Finding: For this run, human-in-the-loop was the escape hatch from local optima, not a substitute for the loop. The economics still felt like automation: hours of machine time between nudges, and $0 marginal API cost for the search itself.

Comparative note: GA (why I contrast it)

I keep genetic algorithms in mind as a baseline: genome encode, mutation / crossover, batch backtest, selection—no explicit operator that reads a failure and chooses among abandon, patch, or new hypothesis; steering is emergent from selection.

Finding for my setting (multi-constraint gates, not one fitness scalar):

Cost: Generations imply batches of backtests; many individuals are obviously bad but consume slots until selection removes them.
Completion: A run often ends without any individual that simultaneously satisfies Sharpe, drawdown, trade count, etc.; “best so far” still fails a gate.

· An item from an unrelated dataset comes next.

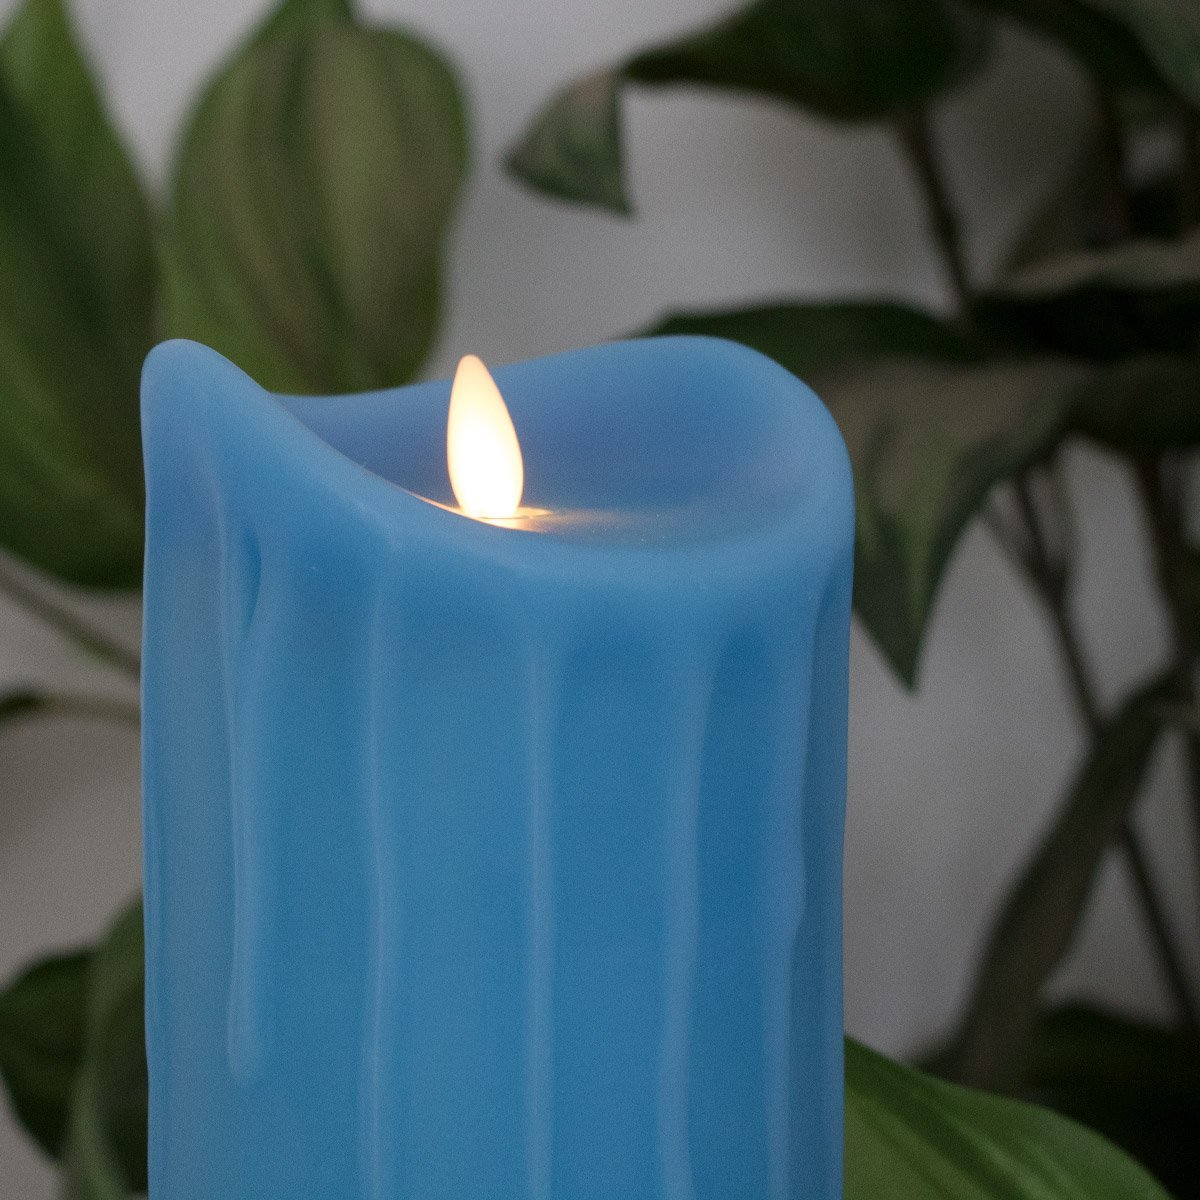 LED-Echtwachskerze mit "Flamme", Hellblau, 18 cm, Wachstropfendesign

Contrast I recorded: The LLM loop ends each step with a decision conditioned on the backtest and repo context. That does not remove overfitting, but in this run it gave a bounded path to one gate-passing config without a large per-generation fan-out.

Findings I am carrying forward

Integration over single-strategy hype. The durable artifact is tool-stable loop + backtester + gates + harness, not the first passing parameter set.
Autonomous date-window edits are a policy bug unless intentionally allowed; they read as implicit curve fitting in my book.
Discard speed matters. The model moved on immediately on bad metrics; that matched what I want from mining hygiene.
Reuse worked. It recombined ideas already present in the repo and notes (e.g. vol-adjusted trend with jump suppression).
Economics. ~2h local inference, $0 API line item—material for how long I am willing to let a search run.
Human-in-the-loop scales the search. Mid-run nudges broke local optima; the agent absorbed paper- or note-level hints without harness churn. I am keeping that pattern: autonomous bulk + sparse human steering, not full manual mining.
Diversity risk. With the same harness, prompts, and data, an LLM driver can still converge to the same or nearly the same strategy across runs—inductive bias and “default” repairs narrow the trajectory. I am treating perturbation (sampling, seeds, varied briefs / inits, parallel nudges, small prompt jitter) as part of the method, not an optional polish.

Limitations and planned follow-ups

Eligibility is not alpha: Clearing the backtest gates is not, by itself, a claim of edge out-of-sample.
Next checks: Lock windows, walk-forward or holdout, and use “passes gates once” as a regression signal for the harness, not as validation of edge.